Most Americans say the United States ought to take a leadership role in combating global warming, and by a margin of two-to-one think the country should participate in international treaty negotiations aimed at addressing its effects, according to a new environment poll from The Yale School of Forestry & Environmental Studies and The Associated Press-NORC Center for Public Affairs Research.
However, Americans tend to place a low priority on addressing global warming when compared with other environmental concerns. And few Americans believe that protecting the environment needs to come at a cost of lost economic growth.
"Public understanding of environmental issues—from global warming to water pollution to the loss of biodiversity—is more important than ever, as many Americans work to create a more sustainable future," says Anthony Leiserowitz, a research scientist and faculty member at The Yale School of Forestry & Environmental Studies. "Policies are being considered at the national, state, and local levels, and Americans are increasingly adopting environmentally friendly lifestyles. This new poll will help inform these vital decisions."

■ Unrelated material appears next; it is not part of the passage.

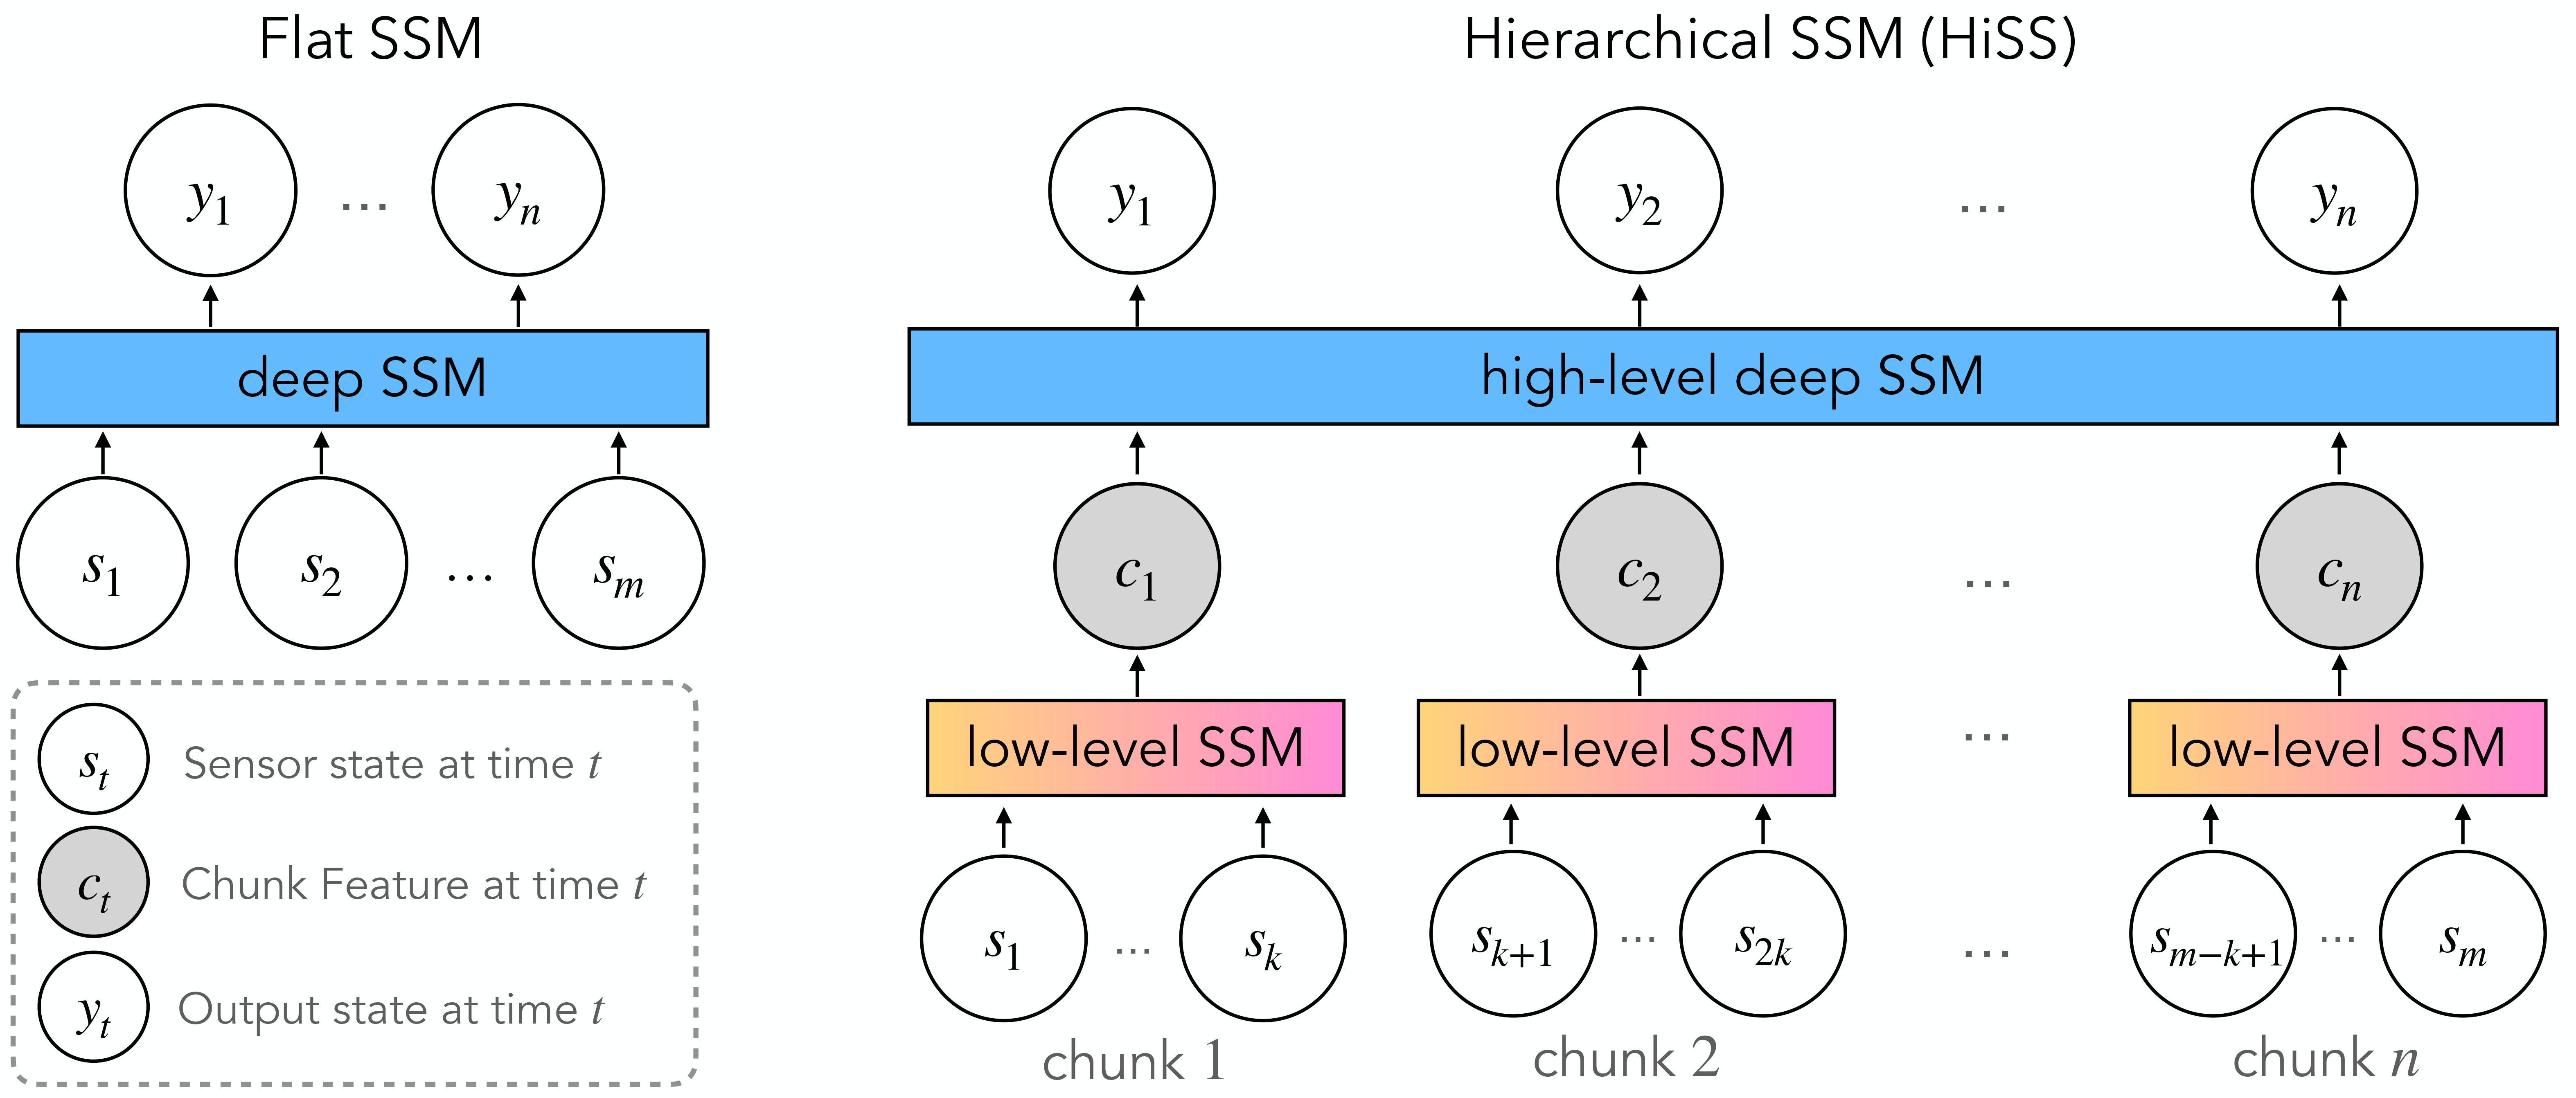 HiSS Model Architecture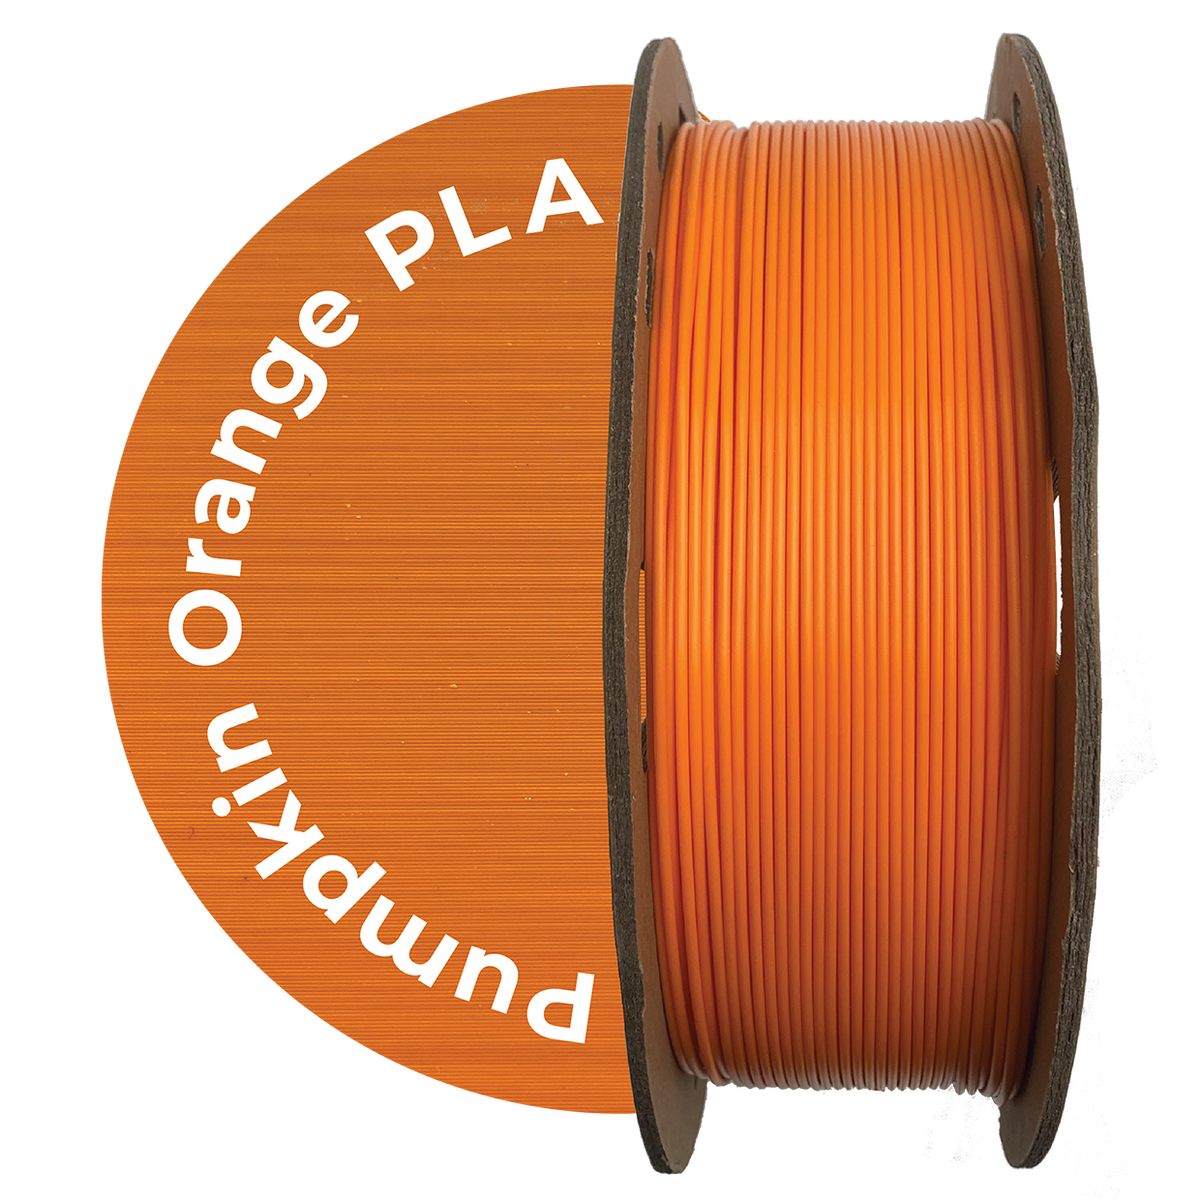 Filament PLA UP constructeur - Orange Ø 1,75 mm 0,5kg

Key findings from the poll include:
- 56 percent of Americans believe global warming is happening, and 20 percent believe it is not happening. Almost a quarter, 23 percent, are unsure.
- About twice as many Americans favor US participation in international climate negotiations as oppose it.
- A majority of Americans say environmental protections will improve economic growth and provide new jobs in the long run.
- Americans are mixed on whether construction of the Keystone XL pipeline should proceed. Republicans are more likely than Democrats to support it. A quarter of Americans are confident it will be a safe way to transport heavy oil.